Mulling over Volume One of the Mueller Report

Debate over what the Mueller Report concluded with regard to Russian interference in the 2016 election has only intensified since Robert Mueller spoke to the nation on May 29. In his sphinx-like manner, the special counsel summarized what he had found, declining to go beyond the confines of his written report.

Mueller was unequivocal on one point–the Russians engaged in “multiple, systematic efforts to interfere in our election.” He began and ended his presentation with that stark warning, apparently confounded by the fact that the U.S. has not seriously mobilized to stop it from happening again in 2020. Normally, there would be an all-hands-on-deck effort to warn off the Russians, prepare strong counter measures, and harden our election systems, among other things, but these are not normal times.

Because Mueller declined to give his personal views on the report findings, all sides have stepped forward to give their particular slant. The Attorney General has repeatedly claimed that the report found no “collusion” between the Russians and the Trump campaign. That is absolutely correct but beside the point. On pages 2 and 180 of Volume One of his report, Mueller clearly states that he did not look into the question of whether there was collusion.

Mueller’s inquiry was concerned with whether the Trump campaign committed the crime of conspiracy, which he describes at page 181 as “an agreement to commit any substantive violation of federal criminal law–including foreign-influence and campaign-finance laws.”

The report details over 140 Russian contacts with the Trump campaign in pages 66-173 of Volume One, concluding that Russia made offers of assistance to the campaign and that the campaign was receptive to some of those offers. However, Mueller said on May 29 that “there was insufficient evidence to charge a broader conspiracy.” At page 2 of the report he clarifies: “A statement that the investigation did not establish particular facts does not mean there was no evidence of those facts.” In other words, there was evidence of conspiracy, but not enough to support a conviction beyond a reasonable doubt.

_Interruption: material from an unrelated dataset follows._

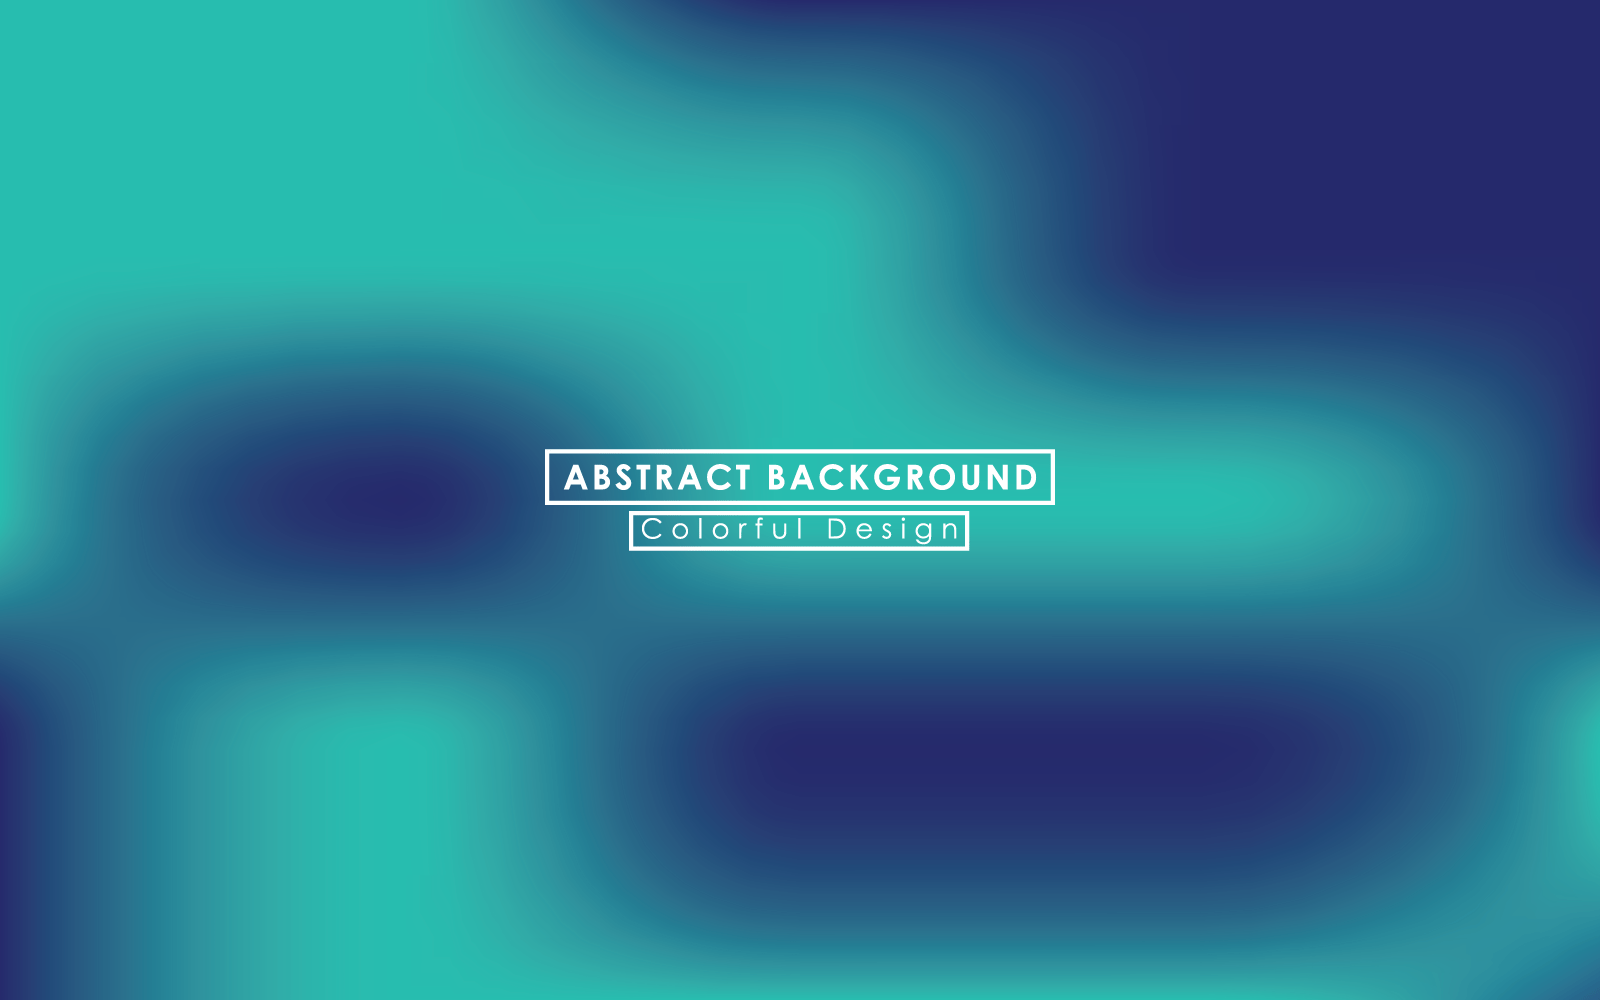 Design Abstract blurred gradient mesh illustration background

Proving criminal conspiracy is no easy task because of the reasonable doubt standard. During my tenure as Idaho Attorney General in the nineteen-eighties, I spent many hours trying to pinpoint price-fixing among gasoline dealers. It generally requires either court-approved electronic surveillance or a credible inside source to make a triable conspiracy case. A phone tap won’t help if the conduct is not on-going, and credible inside sources are hard to come by, as Paul Manafort clearly demonstrated.

I often explained to the public that it was not a price-fixing conspiracy for gas retailers to charge the same price all over town. It was only an unlawful conspiracy when there was an agreement to set prices. In the case of the 2016 election, there would have had to be strong proof of an agreement between Russian actors and the campaign in order to establish a conspiracy. Mueller implies that such evidence existed but he apparently was unable to obtain enough documents or credible inside witnesses to prove it.

We will likely never know whether the Russian interference helped Trump win the presidency. The President hinted in that direction when he tweeted on May 30 that, “I had nothing to do with Russia helping me to get elected.” He later denied that Russia helped him get elected.

What we do know is that Russia gave the President substantial help in the 2016 election. Putin admitted in Helsinki that he wanted Trump to win. All honorable and patriotic presidential candidates should loudly and clearly tell the Russians and every other foreign country that the United States will not tolerate interference in our elections in 2020, or ever. Our Congressional delegation should demand severe consequences for those who try to pervert our democracy.